Missing Dependencies

try:
    result = await extract_file("document.pdf")
except MissingDependencyError as e:
    if "tesseract" in str(e).lower():
        print("Tesseract OCR is not installed. Please install it:")
        print("  - Ubuntu: sudo apt-get install tesseract-ocr")
        print("  - macOS: brew install tesseract")
        print("  - Windows: choco install tesseract")
    elif "pandoc" in str(e).lower():
        print("Pandoc is not installed.
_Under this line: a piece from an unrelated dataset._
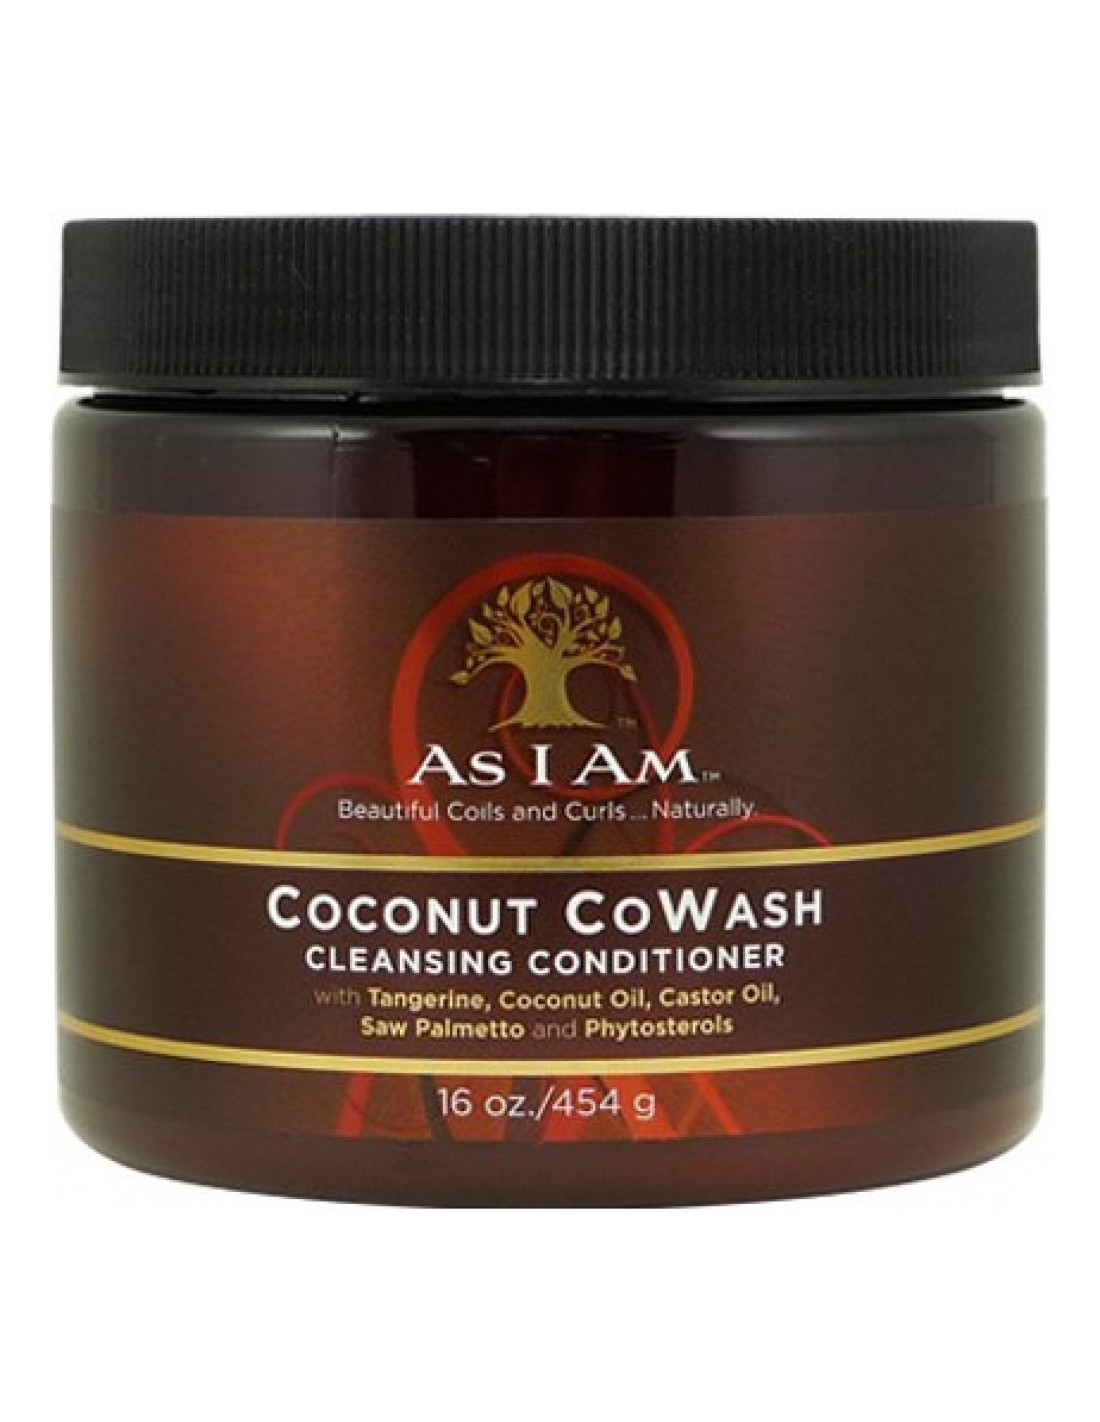 Cowash Cleansing Conditioner Coconut CoWash As I Am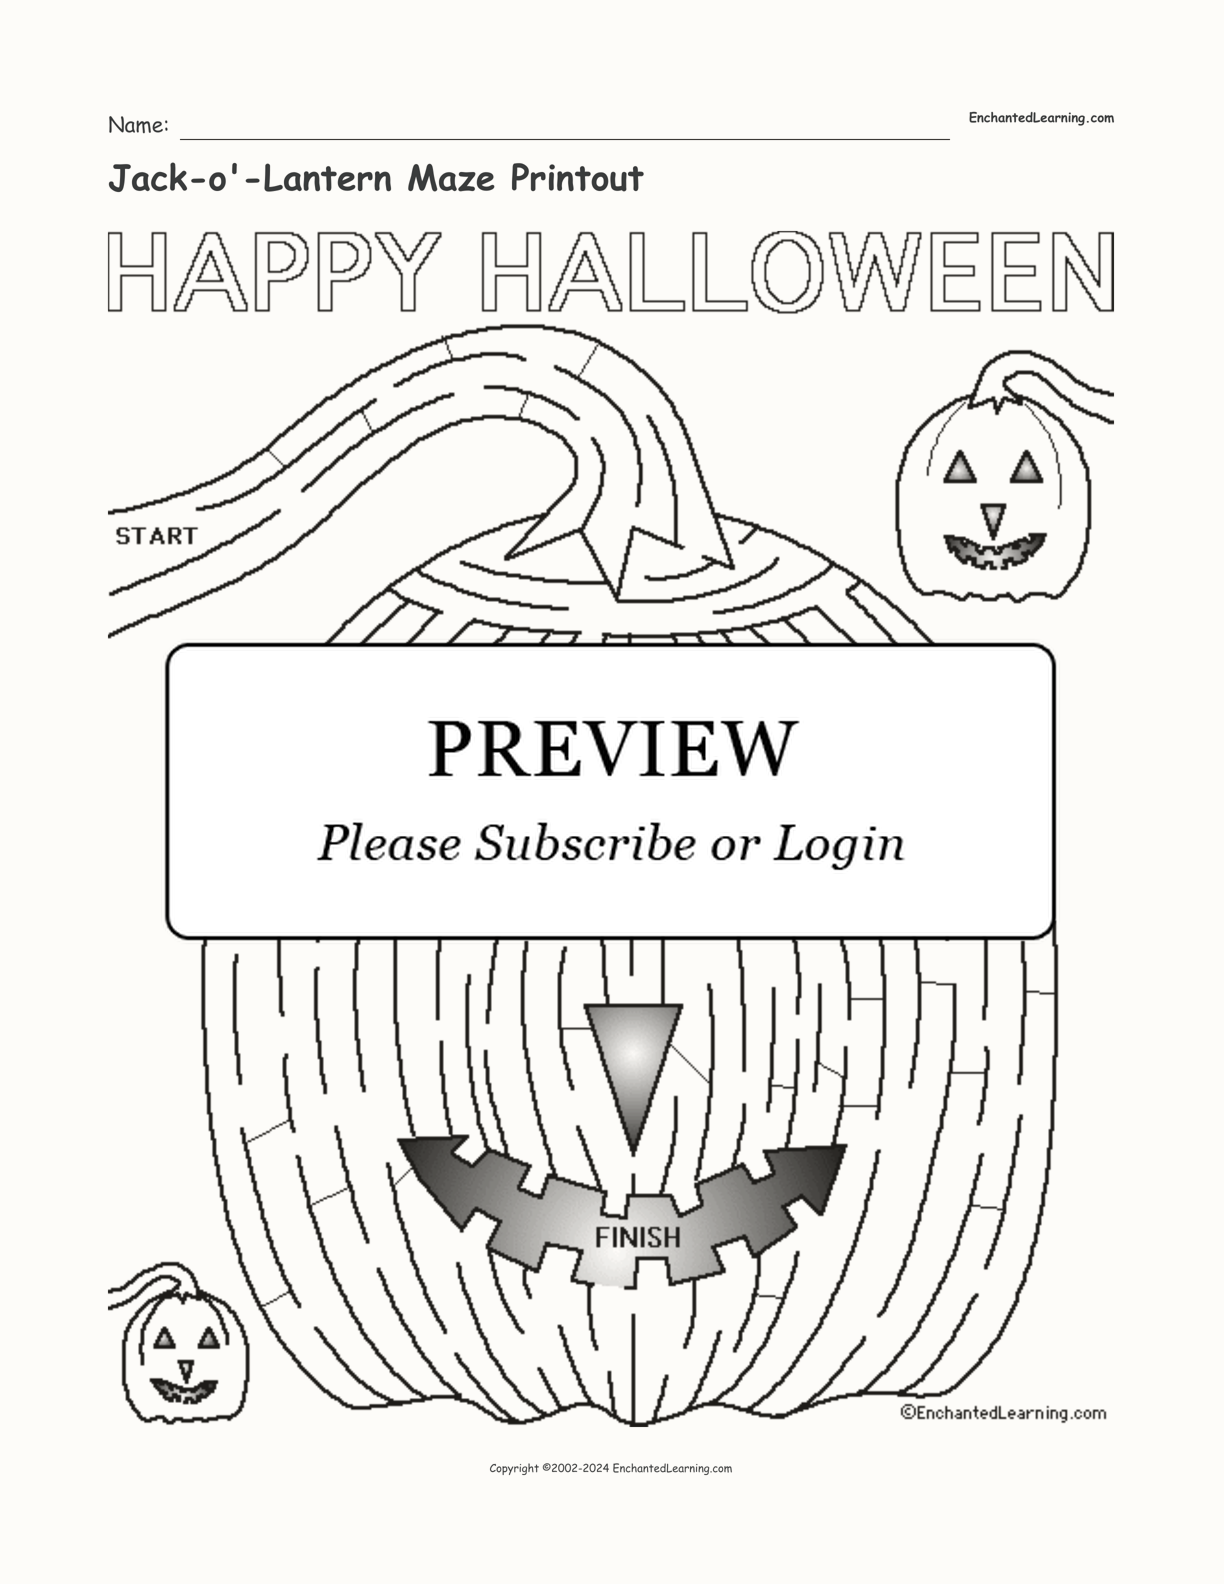 Jack-o'-Lantern Maze Printout interactive worksheet page 1

Please install it:")
        print("  - Ubuntu: sudo apt-get install pandoc")
        print("  - macOS: brew install pandoc")
        print("  - Windows: choco install pandoc")

OCR Errors

from kreuzberg import extract_file, OCRError, TesseractConfig, PSMMode

async def extract_with_fallback(path):
    # Try with default settings
    try:
        result = await extract_file(path)
        return result.content
    except OCRError:
        # Try with different OCR settings
        try:
            result = await extract_file(
                path, force_ocr=True, ocr_config=TesseractConfig(psm=PSMMode.SINGLE_BLOCK, language="eng")
            )
            return result.content
        except OCRError as e:
            print(f"OCR failed with all attempts: {e}")
            return None

Validation Errors

from kreuzberg import extract_file, ValidationError, TesseractConfig

async def extract_with_validation_handling():
    try:
        # This will raise a ValidationError - incompatible config
        result = await extract_file(
            "document.pdf", ocr_backend="easyocr", ocr_config=TesseractConfig(language="eng")  # Wrong config type for easyocr
        )
    except ValidationError as e:
        print(f"Configuration error: {e}")
        # Fix the configuration
        from kreuzberg import EasyOCRConfig

        result = await extract_file(
            "document.pdf", ocr_backend="easyocr", ocr_config=EasyOCRConfig(language="en")  # Correct config type
        )

    return result.content

Best Practices

  1. Always use try/except: Wrap extraction calls in try/except blocks to handle potential errors gracefully
  2. Provide helpful error messages: Give users clear information about what went wrong and how to fix it
  3. Implement fallbacks: When possible, try alternative approaches when the primary method fails
  4. Log detailed error information: Include error details in logs for debugging
  5. Check dependencies upfront: Verify that required dependencies are installed before attempting extraction
import subprocess
from kreuzberg import extract_file

def check_dependencies():
    """Check if required dependencies are installed."""
    missing = []

    # Check for Tesseract
    try:
        subprocess.run(["tesseract", "--version"], capture_output=True, check=True)
    except (subprocess.SubprocessError, FileNotFoundError):
        missing.append("tesseract")

    # Check for Pandoc
    try:
        subprocess.run(["pandoc", "--version"], capture_output=True, check=True)
    except (subprocess.SubprocessError, FileNotFoundError):
        missing.append("pandoc")

    return missing

async def main():
    # Check dependencies before extraction
    missing_deps = check_dependencies()
    if missing_deps:
        print(f"Missing dependencies: {', '.join(missing_deps)}")
        print("Please install them before continuing.")
        return

    # Proceed with extraction
    try:
        result = await extract_file("document.pdf")
        print(result.content)
    except Exception as e:
        print(f"Extraction failed: {e}")